Archery at the Olympics

The team moving bird at 28 metres event was part of the archery programme at the 1920 Summer Olympics. The event, like all other archery events in 1920, was open only to men. Three teams of eight archers each competed.
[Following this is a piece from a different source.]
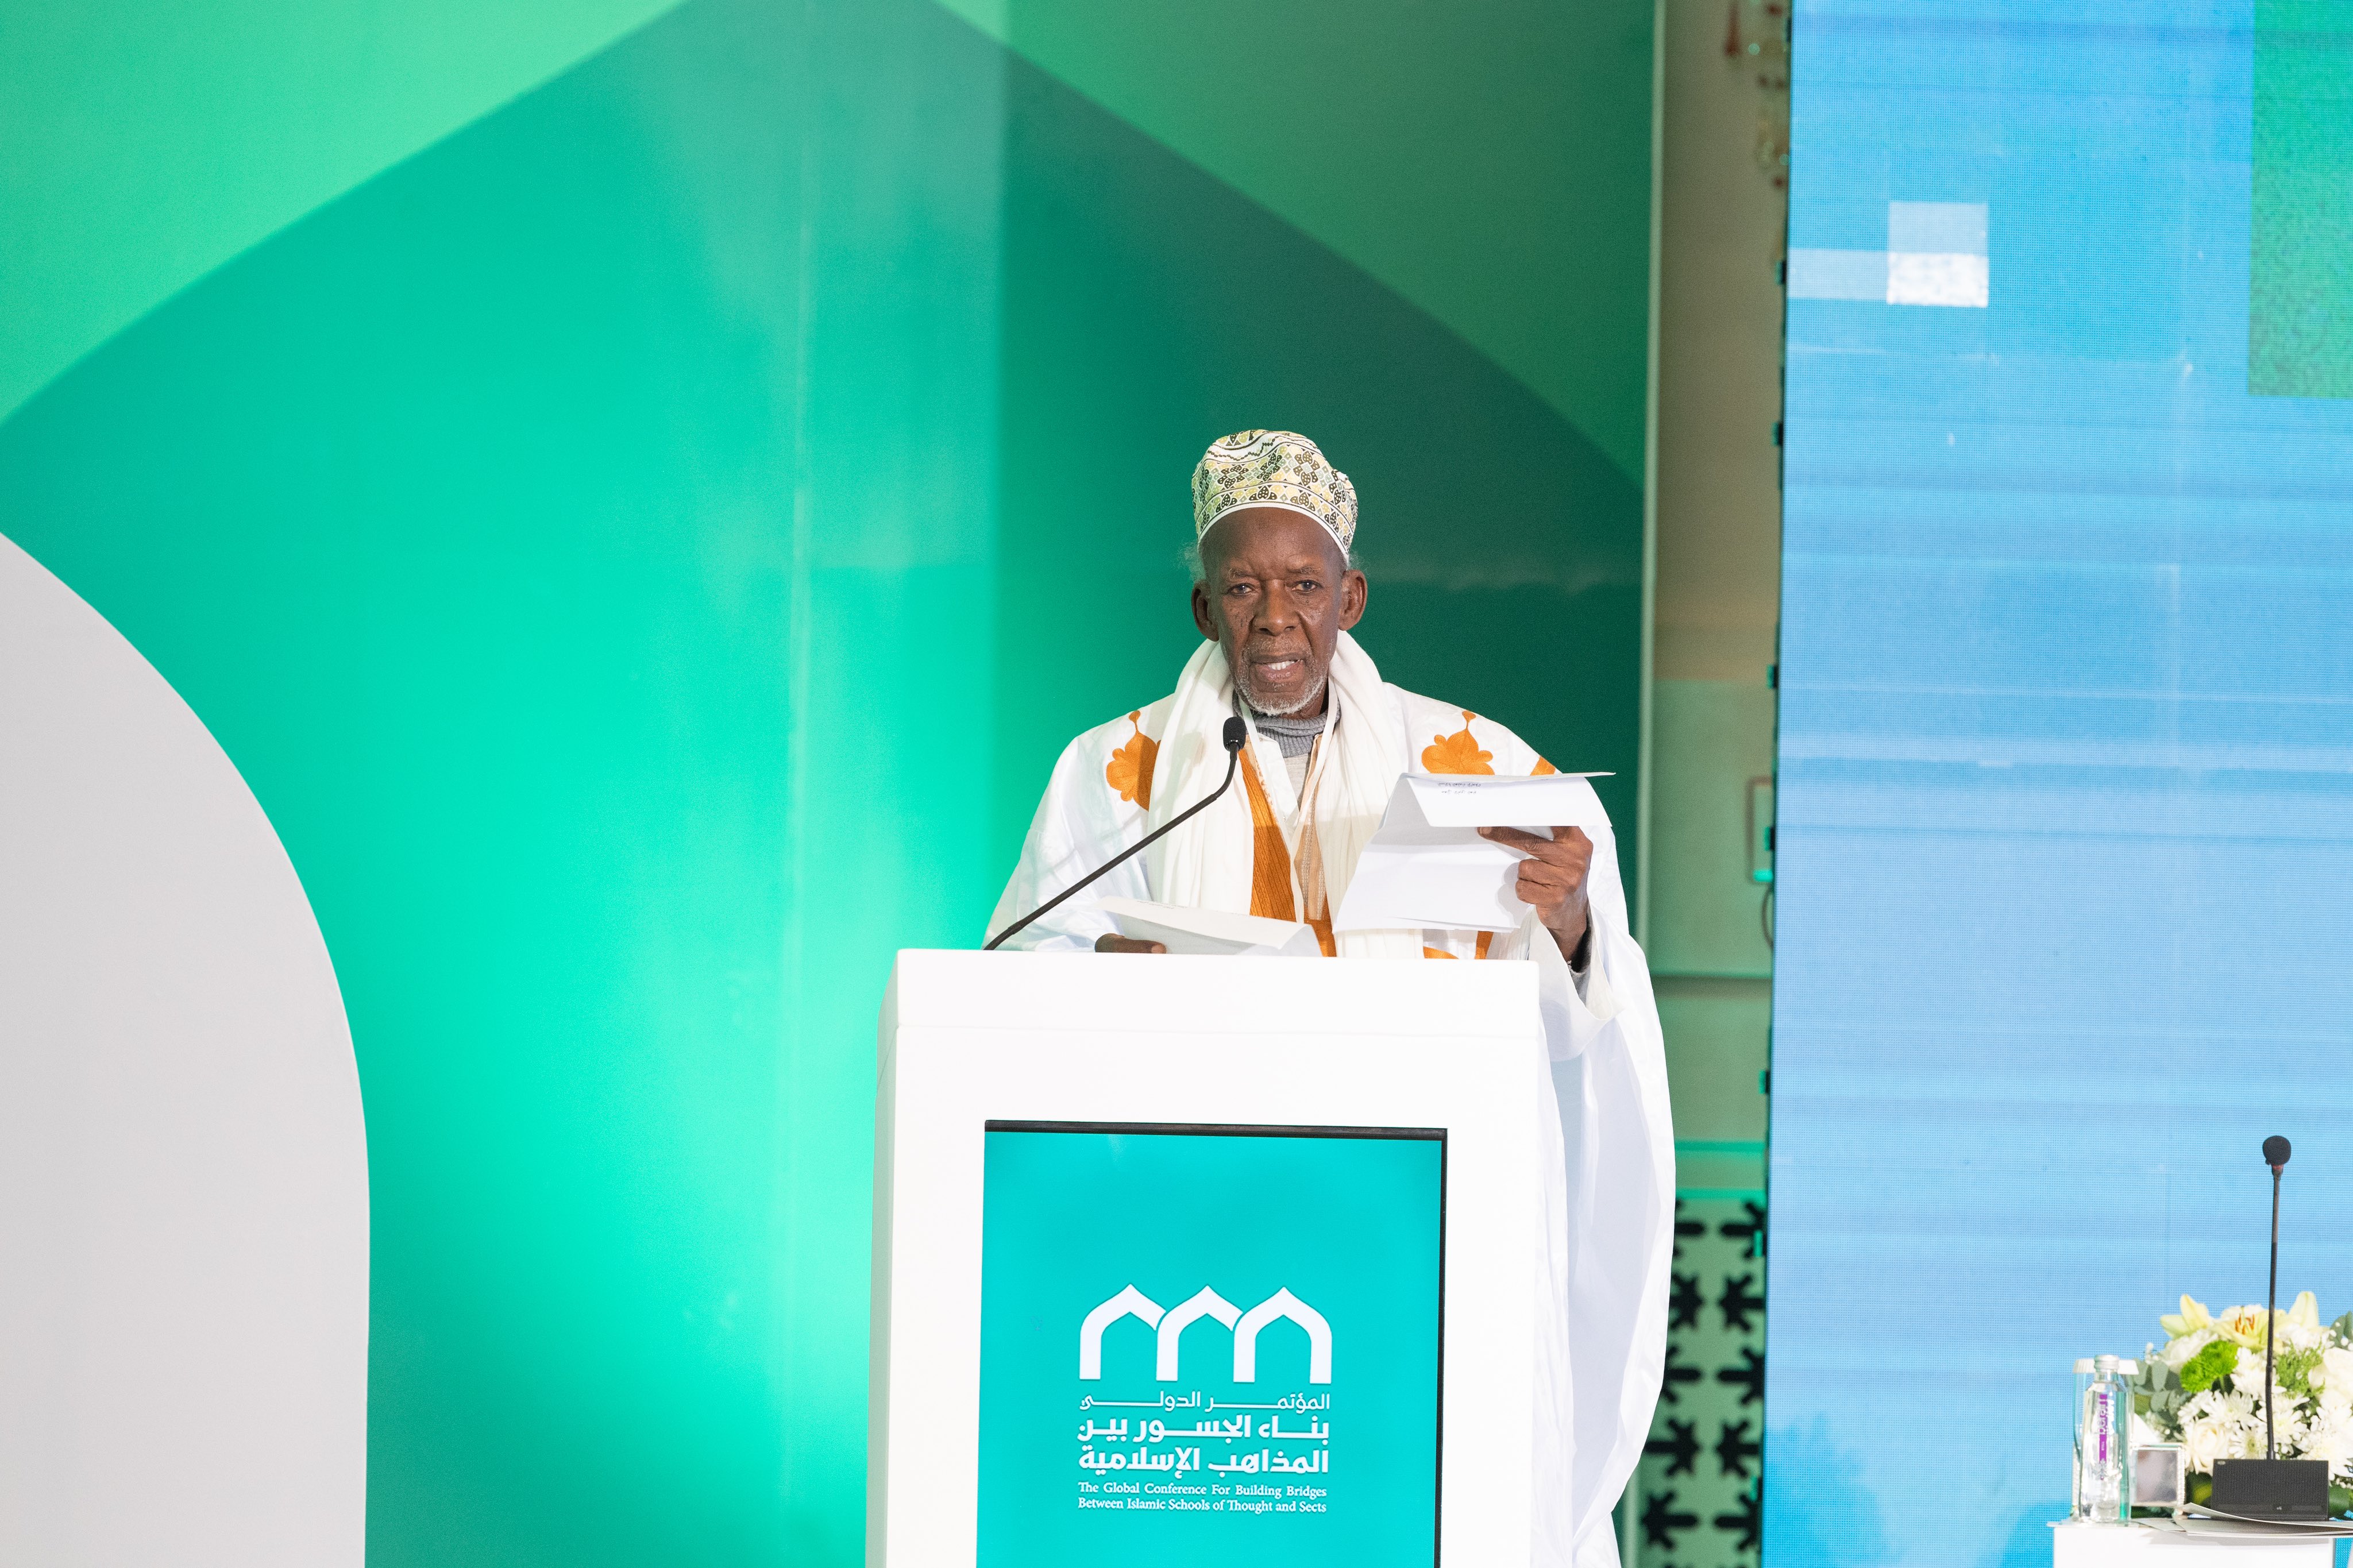 افریقی اسلامی یونین کے صدر شیخ محمد الماحی بن شیخ ابراہیم نیاس ”اسلامی مذاہب کے درمیان پلوں کی تعمیر“ کانفرنس کےافتتاحی اجلاس سے خطاب کرتے ہوئے:

Every archer had 60 shots, and every shot could earn a maximum of 9 points.

==Teams==

| Netherlands | Belgium | France |
|---|---|---|
| Janus Theeuwes Driekske van Bussel Joep Packbiers Janus van Merrienboer Jo van Gastel Theo Willems Piet de Brouwer Tiest van Gestel | Alphonse Allaert Hubert Van Innis Edmond De Knibber Louis Delcon Jérome De Maeyer Pierre Van Thielt Louis Fierens Louis Van Beeck | Julien Brulé Léonce Quentin Pascal Fauvel Eugène Grisot Eugène Richez Arthur Mabillon Léon Epin Paul Leroy |

==Results==

| Place | Team | Scores |  |  |  |  |  |  |  |  |
| 1 | 2 | 3 | 4 | 5 | 6 | 7 | 8 | Total |
| 1st place, gold medalist(s) | Netherlands | 443 | 414 | 394 | 388 | 378 | 374 | 364 | 332 | 3087 |
| 2nd place, silver medalist(s) | Belgium | ? |  |  |  |  |  |  |  | 2924 |
| 3rd place, bronze medalist(s) | France | ? |  |  |  |  |  |  |  | 2328 |

==Sources==
- Belgium Olympic Committee (1957). "Olympic Games Antwerp 1920: Official Report"
- Wudarski, Pawel (1999). "Wyniki Igrzysk Olimpijskich"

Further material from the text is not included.